我试图在pymongo连接器中插入我的查询对象:

import pandas as pd
from pymongo import MongoClient


def _connect_mongo(host, port, username, password, db):

    if username and password:
        mongo_uri = 'mongodb://%s:%s@%s:%s/%s' % (username, password, host, port, db)
        conn = MongoClient(mongo_uri)
    else:
        conn = MongoClient(host, port)


    return conn[db]


def read_mongo(db, collection, query={}, host='localhost', port=27017, username=None, password=None, no_id=True):
    """ Read from Mongo and Store into DataFrame """

    # Connect to MongoDB
    db = _connect_mongo(host=host, port=port, username=username,  password=password, db=db)

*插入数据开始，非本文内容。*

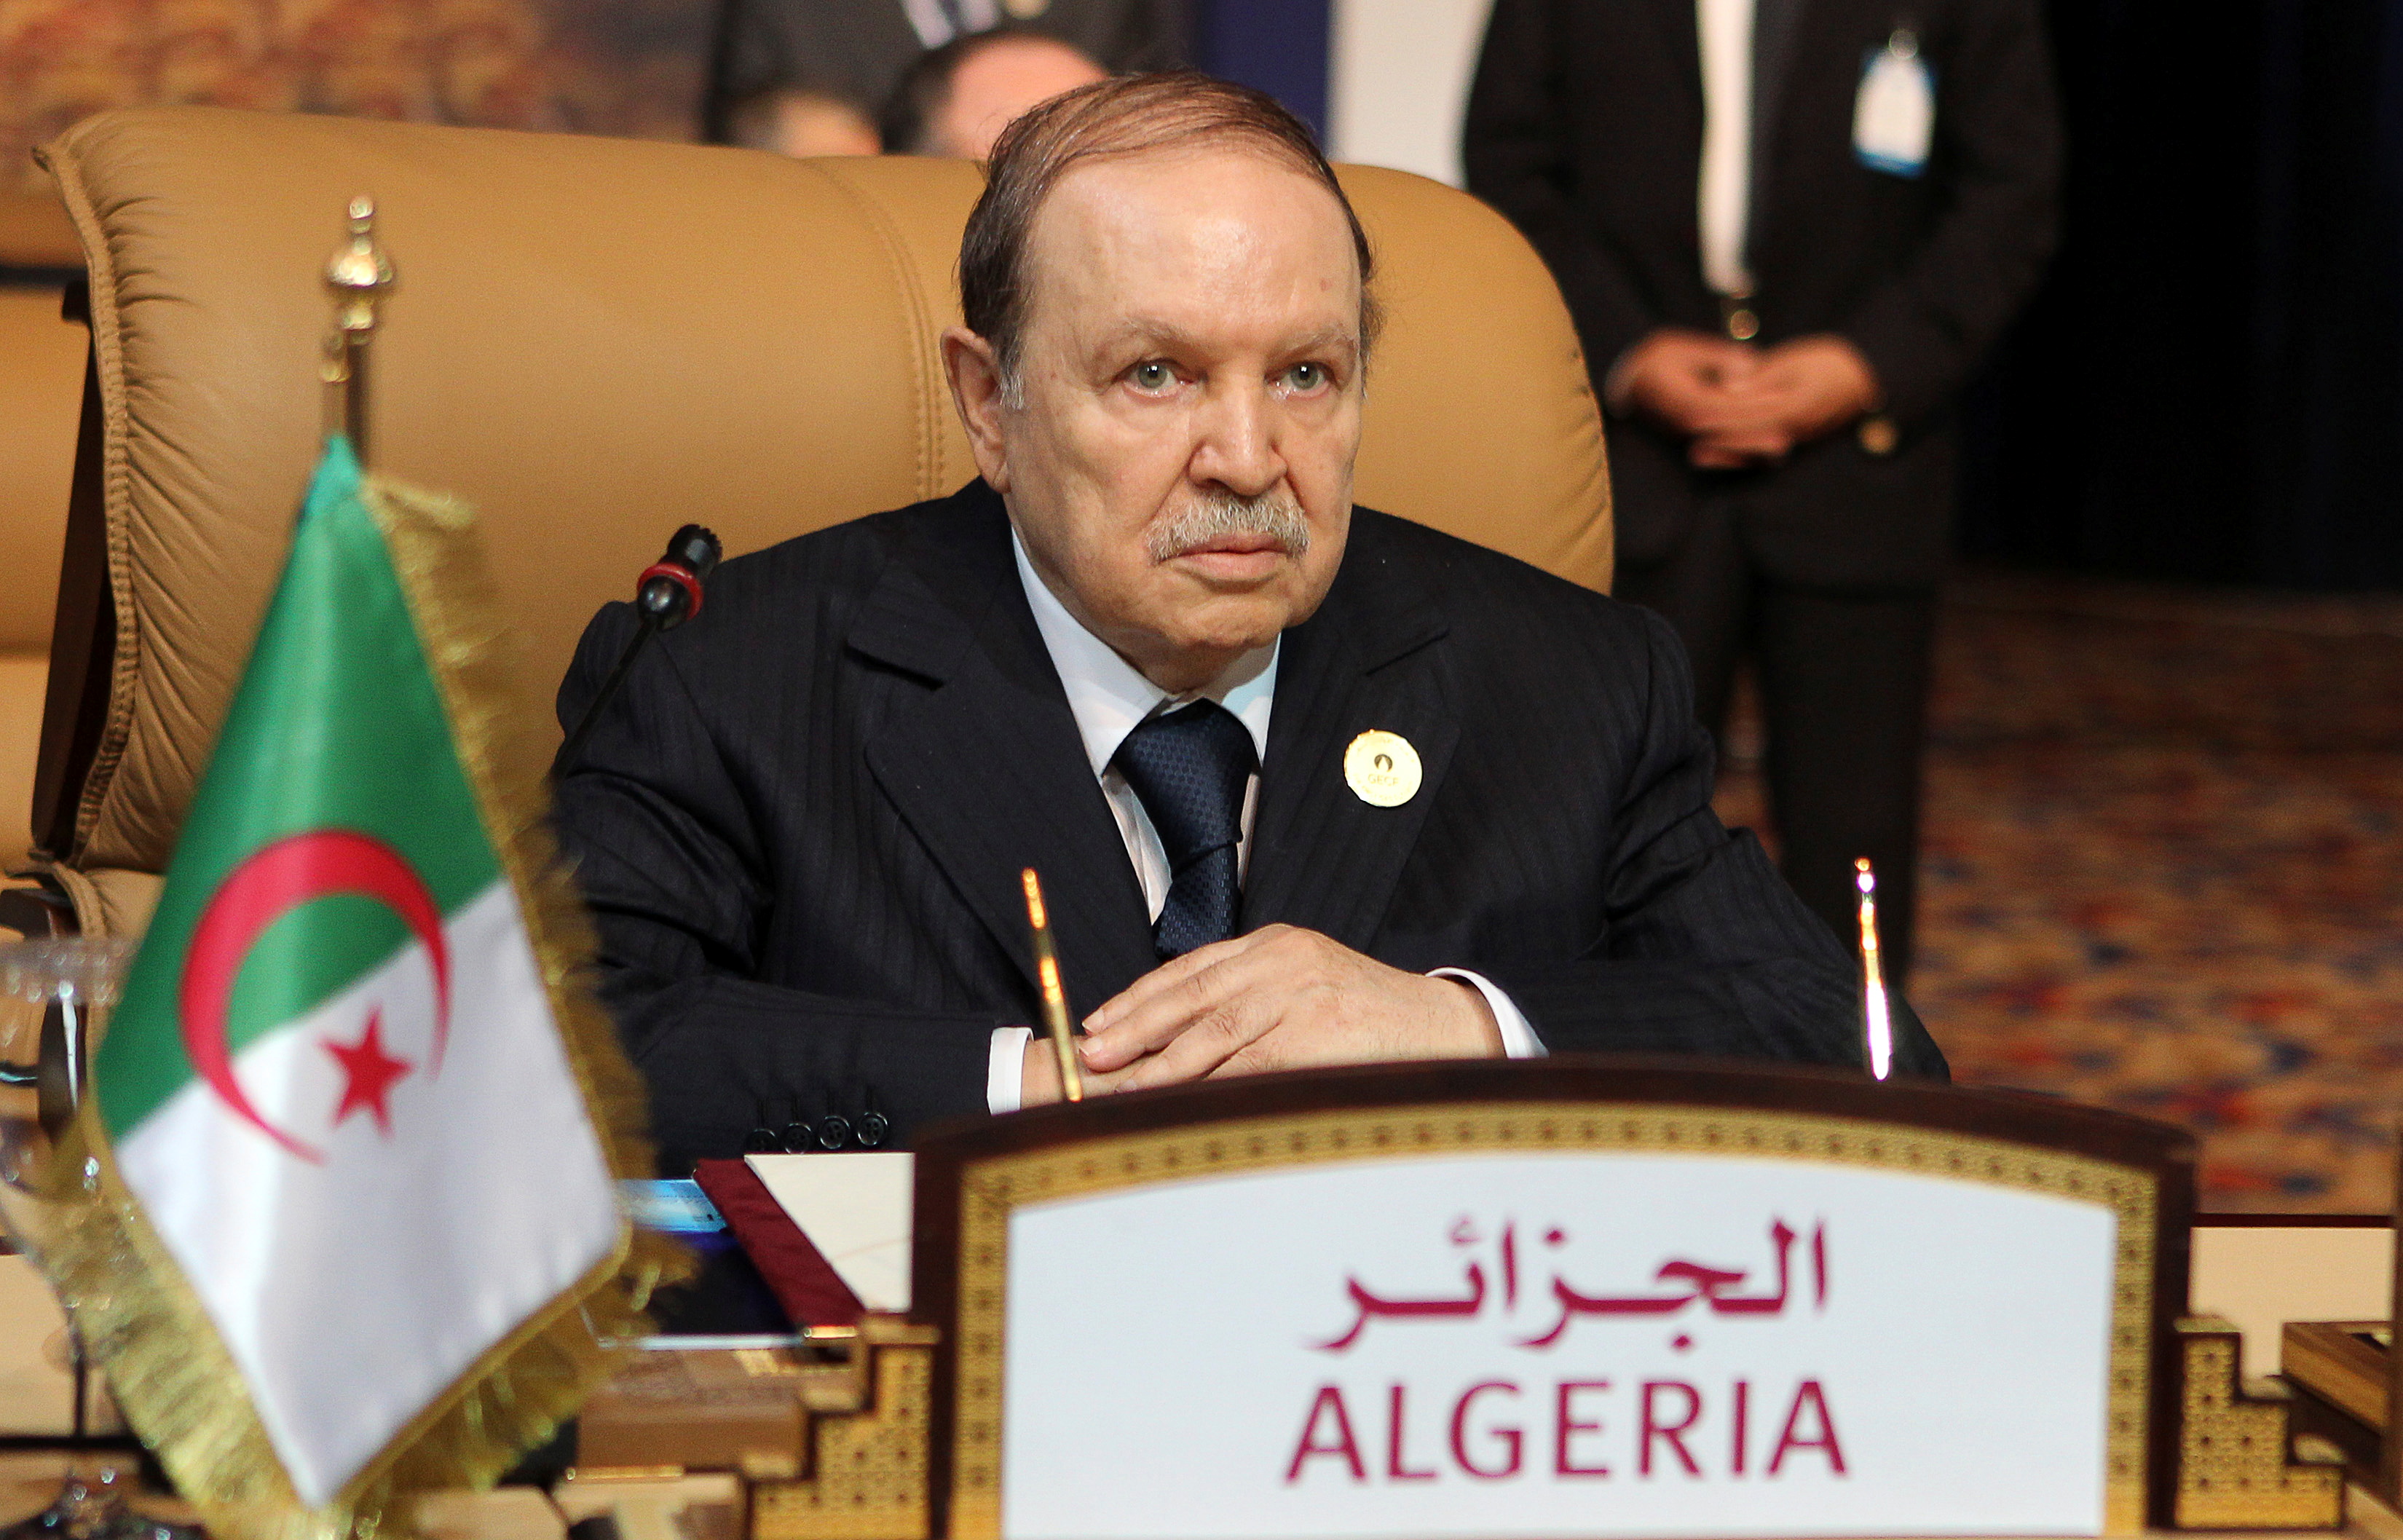 Algerian President Abdelaziz Bouteflika attends the opening session of the first Gas Exporting Countries Forum summit in Doha November 15, 2011.   REUTERS/Mohammed Dabbous/File Photo

    # Make a query to the specific DB and Collection
    cursor = db[collection].find(query)
    # Expand the cursor and construct the DataFrame
    df =  pd.DataFrame(list(cursor))

    # Delete the _id
    # if no_id:
    #    del df['_id']

    return df

我的查询定义为:

query_1 = "{
                    "status" : {"$ne" : "deprecated"}, 
                    "geoLocationData.date" : { $gte : new ISODate("2016-08-03") }
                 },
                    { "geoLocationData.date": 1,
                      "geoLocationData.iso": 1,
                      "httpRequestData.ipAddress": 1,
                      "geoLocationData.city": 1,
                      "geoLocationData.latitude": 1,
                      "geoLocationData.longitude": 1  }" 

将其插入 - 获取pandas数据帧:

df = read_mongo(db, collection, query_1, host, port, username, password)

我收到错误:

TypeError: filter must be an instance of dict, bson.son.SON, or other type    that inherits from collections.Mapping

如果我只省略子文档,查询就可以了,我可以将其转换为数据帧。

我想它是关于将我的查询转换为字典(包含子文档)。 我怎么能这样做?

1 个答案:

答案 0 :(得分:0)

您的query_1变量是一个似乎包含两个词典的字符串。 find方法首先将字典作为过滤器参数,然后将投影作为第二个参数。你只传递了一个论点。

这应该有效:

def read_mongo(db, collection, filter={}, projection={}, host='localhost', port=27017, username=None, password=None, no_id=True):
    """ Read from Mongo and Store into DataFrame """

    # Connect to MongoDB
    db = _connect_mongo(host=host, port=port, username=username,  password=password, db=db)

    # Make a query to the specific DB and Collection
    cursor = db[collection].find(filter, projection)
    # Expand the cursor and construct the DataFrame
    df =  pd.DataFrame(list(cursor))

    # Delete the _id
    # if no_id:
    #    del df['_id']

    return df 

query_filter = {
                    "status" : {"$ne" : "deprecated"}, 
                    "geoLocationData.date" : { $gte : new ISODate("2016-08-03") }
                 }
query_project = { "geoLocationData.date": 1,
                      "geoLocationData.iso": 1,
                      "httpRequestData.ipAddress": 1,
                      "geoLocationData.city": 1,
                      "geoLocationData.latitude": 1,
                      "geoLocationData.longitude": 1  }

df = read_mongo(db, collection, query_filter, query_project,  host, port, username, password)

但是,我并不认为这种方法可以完全符合您的要求。这是因为find操作中的投影只能包含或排除它不以您希望的方式映射它们的字段。您可以迭代光标以在传递到DataFrame构造函数之前操作数据(注意不要创建巨大的python列表)。更好的方法是不使用find,而是使用aggregate

cursor = db[collection].aggregate([filter, projection])

现在,您可以将过滤器设为match管道阶段,将投影设为project阶段。

query_project = { "geoDate":"$geoLocationData.date",
                  "geoLoc":"$geoLocationData.iso",
                   "ipAddress": "$httpRequestData.ipAddress",
                     "city": "$geoLocationData.city",
                      "lat": "$geoLocationData.latitude",
                      "long":"$geoLocationData.longitude"}

df = read_mongo(db, collection, {"$match" : query_filter}, {"$project" : query_project},  host, port, username, password)